I’ve met some very powerful, influential, and even a few wealthy people both in my personal life and in my professional work as a counselor in private practice. You would be surprised at how they struggle. They also have weaknesses. Beneath their tough, polished veneer (what Brene Brown calls “armor”), these successful grownups are just emotive children like you and I, yearning for acceptance and approval. If the rich and powerful are struggling, then that tells us that money and power are not the ultimate key to ending suffering. What is?

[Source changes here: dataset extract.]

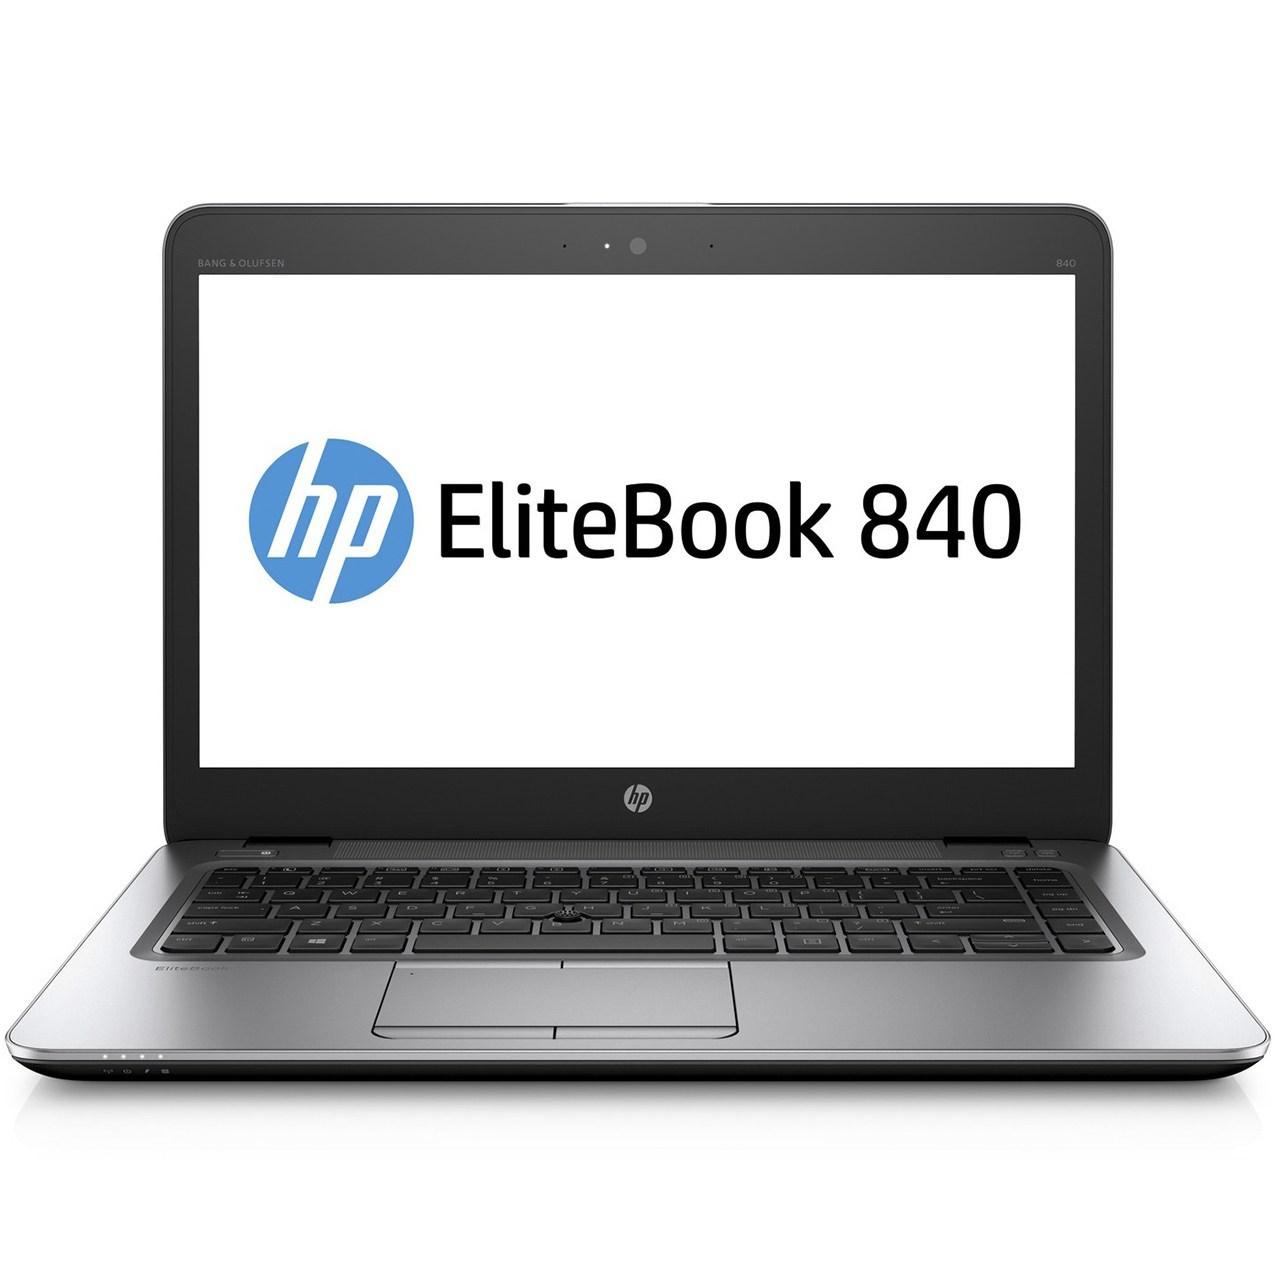 لپ تاپ 14 اینچی اچ پی مدل EliteBook 840 G3 - A
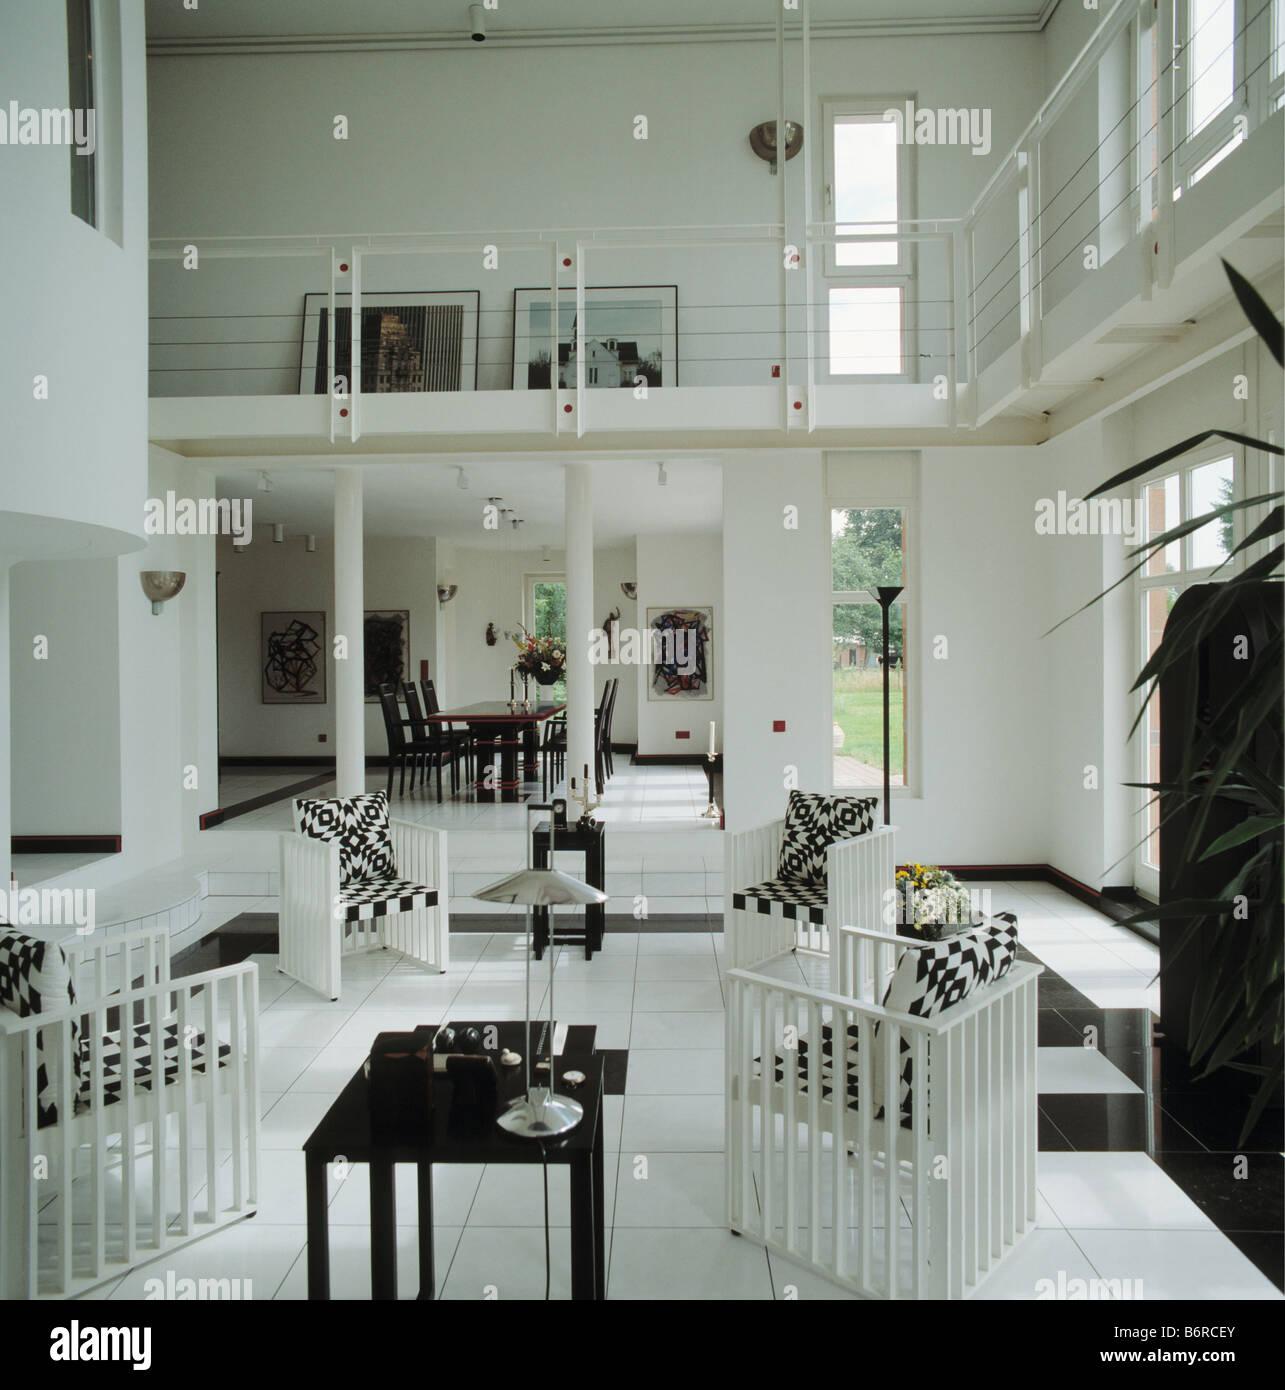 Coussins noir et blanc sur des chaises blanches en hauteur ...

It is true that we live within political systems, organizational structures, and social constructs and these influence our well-being. Yet, the fight is not me against the enormous system. It is not even us, like-minded folks, against them. It is a deeply personal, individual struggle that each of us goes through. Yes, there is strength and security in numbers, even a sense of acceptance in comraderie. But do not be mislead in the masses when life is actually lived in your mind–your thoughts, feelings, and perceptions.
From your mind comes the lens in which you process your experiences. I cannot help anyone, if I cannot help myself. Mental illness aside, if I’m continually crying in depression, slumping in hopelessness, and mired in frustration (even understandable anger), where is the evidence of my faith in a Divine Entity? Didn’t someone spiritual once explained that faith is “the substance of things hoped for, the evidence of things not seen?” My lack of contendedness or gratitude for the minute but abundant blessings in my life blinds me from foresight. Foresight is the ability to look ahead and plan our steps with discernment. I get foresight through insight, which is the ability to discern judiciously, wisely, based on past experiences. But I get the most insight from submitting to the divine Source of all insights.
Without foresight, I am without much hope. How then can I help the person right in front of me? If I’m not mindful of the influence I have on the person in front of me, whether I am sitting at a conference, talking with a client, or interacting with the cashier, right here and right now, how do I imagine changing “the system,” much less fight it? Do the social justice warriors not realize that while they pull on our heart strings with their passionate wailings, their own short sightedness contributes to the problems? The system is made up of individual, fallible humans, not any all-powerful, influential, or wealthy gods. Even if certain people act like they are little gods, we can still use insight to guide us to interact with them in a way that produces fruit for us. Joy, love, and peace are achievable, but we got to be these seeds. Let us drop the fear, the bitterness, the demands, the self righteousness, etc… May our eyes be opened even wider.